Retrouver l’identité du personnage mystérieux qui a volé la vedette aux sages, aux cheveux gris entourant Poutine le 9 mai, n’avait pas été facile. En effet, Kovalov était inconnu en dehors de la Russie car il était, jusque-là, peu connu même dans la mère patrie.

Un travail minutieux a été effectué de la part des internautes, des journalistes étrangers et des chaînes Telegram pour donner un nom à l’interlocuteur du président. Un nom identifié plus tard comme étant Dmitry Kovalev, un membre brillant et relativement jeune du département de l’administration présidentielle. Et depuis lors, compte tenu de l’interminable lutte de succession, les rumeurs se sont multipliées selon lesquelles Kovalev serait le possible héritier de Poutine.

Qui est-t-il ?

Des détails intéressants, utiles et/ou même intrigants sur la figure de Dmitry Kovalev ne sont pas trouvés dans la presse occidentale. De lui, de cet homme au cursus énigmatique, il y a peu ou rien. Il s’agit d’une relance continue des quelques informations dont nous disposons : âge, (né en 1986 ou 1987), poste occupé, le 09/05/22 (membre du Département de l’administration présidentielle) et le lieu présumé de la première rencontre avec Poutine (un match de hockey sur glace).

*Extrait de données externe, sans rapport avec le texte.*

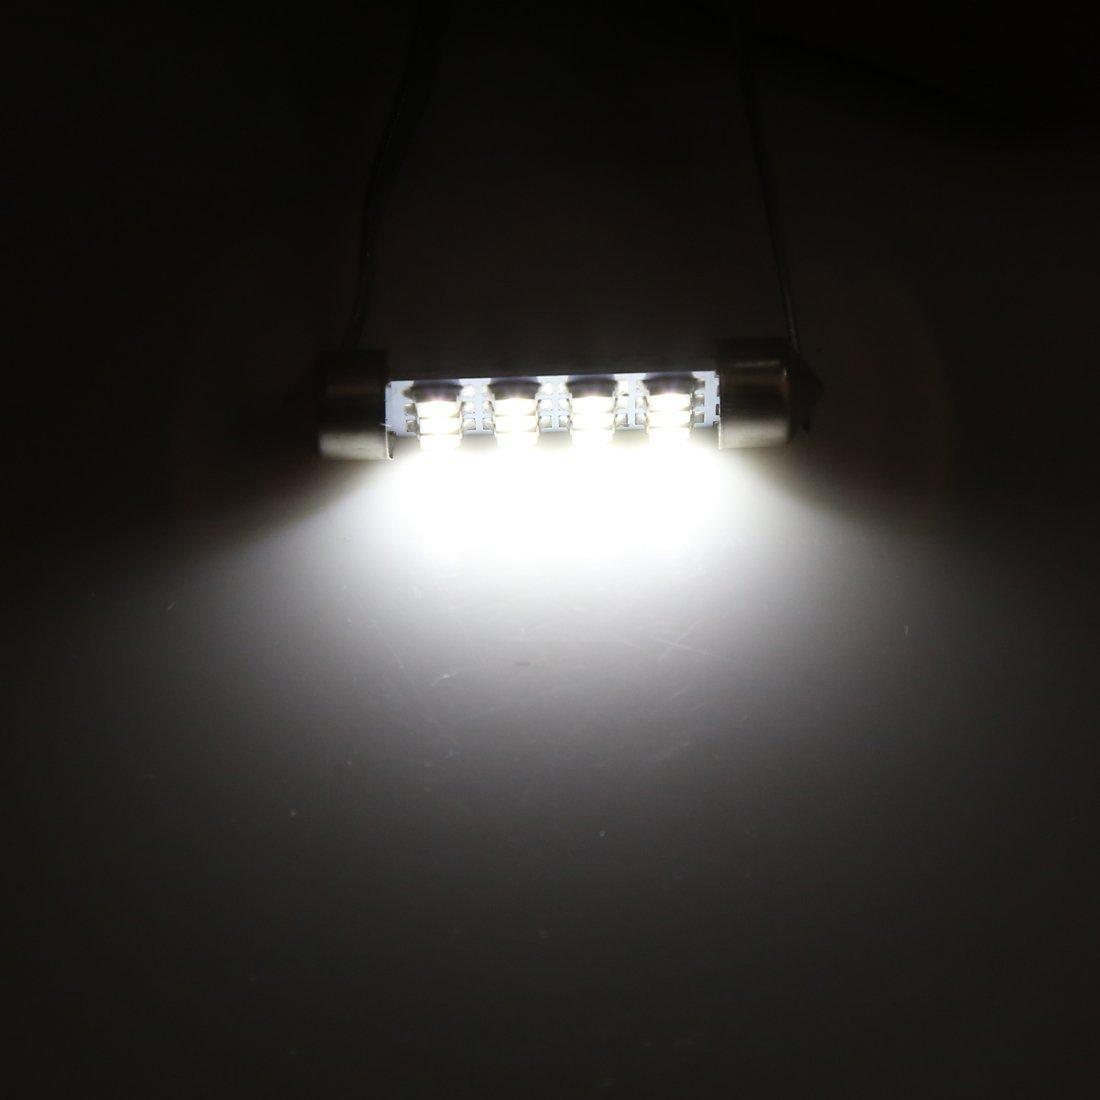 Amazon.com: eDealMax 30pcs coche Blanco bombilla LED 41mm Festoon 12 SMD 1210 Dome Mapa Interior de luz de lámpara: Automotive

Mais il y a (beaucoup) plus sur Kovalev, outre son âge, ses préférences professionnelles et sportives. Et ce plus, qui est nécessaire pour dresser un portrait-robot de lui et pour comprendre s’il pouvait effectivement être l’héritier de Poutine, se trouve sur les portails d’information en langue russe. Des portails qui, semble-t-il, ont été ignorés par le journalisme occidental dans sa recherche convulsive d’informations à son sujet.

De Planet Russia, nous apprenons que Kovalev serait proche du général Ivan Tkachev, un membre dirigeant de la section K du FSB – le département spécialisé dans le renseignement financier, la recherche de cinquièmes colonnes et la lutte contre la corruption. Et bien que Tkachev soit l’un des nombreux sécurocrates opérant dans les coulisses, ce qui compte, selon les médias russes, c’est la relation étroite qui le lierait au numéro deux du système Poutine : Igor Sechin.

Le site 9111.ru, permet de connaître l’arbre généalogique de l’homme de 36 ans : il est ce que l’on pourrait définir comme un « fils de l’art », une personne anonyme de poids, en tant que fils d’un certain Vitalij Kovalev, qui en mai 2022 était le directeur général de Gazprom Mezhregiongaz Kaluga. Par ailleurs, selon le site, l’homme de 36 ans aurait fermé ses profils sociaux après la diffusion de la vidéo en compagnie de Poutine.

Héritier possible ?

Poutine cherche un héritier. Il en est ainsi depuis 2008, année où il a confié le sceptre du Kremlin au prometteur Medvedev. Mais Medvedev, qui en quatre ans s’est révélé être un automate dépourvue de toute initiative, peu ou pas charismatique et, surtout, politiquement myope (la guerre de Géorgie, les désaccords avec les oligarques dirigés par Poutine, etc) a «contraint» ce dernier à se présenter aux élections de 2012. Depuis lors, grâce également à l’aggravation de la concurrence entre les grandes puissances, Poutine n’a jamais abandonné la barre du commandement.

La Russie a besoin d’un leader aussi charismatique que clairvoyant. Et aussi clairvoyant que ferme et décisif. Il en va de l’intégrité territoriale de la Fédération, constamment menacée par le spectre du séparatisme ethno-religieux, et de sa sécurité nationale, qui s’étend des glaces arctiques aux déserts du Turkestan. Un rôle de responsabilité. Un rôle qui ne peut être confié à n’importe qui.

Kovalev, en tant qu’homme proche des services secrets et de la soi-disant « oligarchie amie », autrement dit, fidèle au Kremlin, ainsi que pour son âge, pourrait effectivement être un candidat attrayant aux yeux de Poutine. Plus que Medvedev, qui a été «grillé» lors de l’épreuve du feu. Et plus que Patrushev, qui est certes un silovik (Un silovik est un représentant d’organismes étatiques chargés de veiller à l’application de la loi, d’organismes de renseignements, des forces armées et autres structures auxquels l’État délègue son droit d’utiliser la force. Un «Etat profond»), mais il est et reste une classe de 1951, donc : il est âgé.

Les scénarios qui envisagent un concours de succession régulé et encadré par le haut, impliquent clairement l’extension et la stabilisation du système Poutine de l’après-guerre jusqu’aux élections de 2024. Une vision déterminante qui exclut a priori l’avenir des rebondissements, comme le détrônement de Poutine, mais l’issue de la guerre pour l’Ukraine pèsera comme un rocher sur sa réalisation. En résumé : d’ici 2024 et au-delà, tout est possible.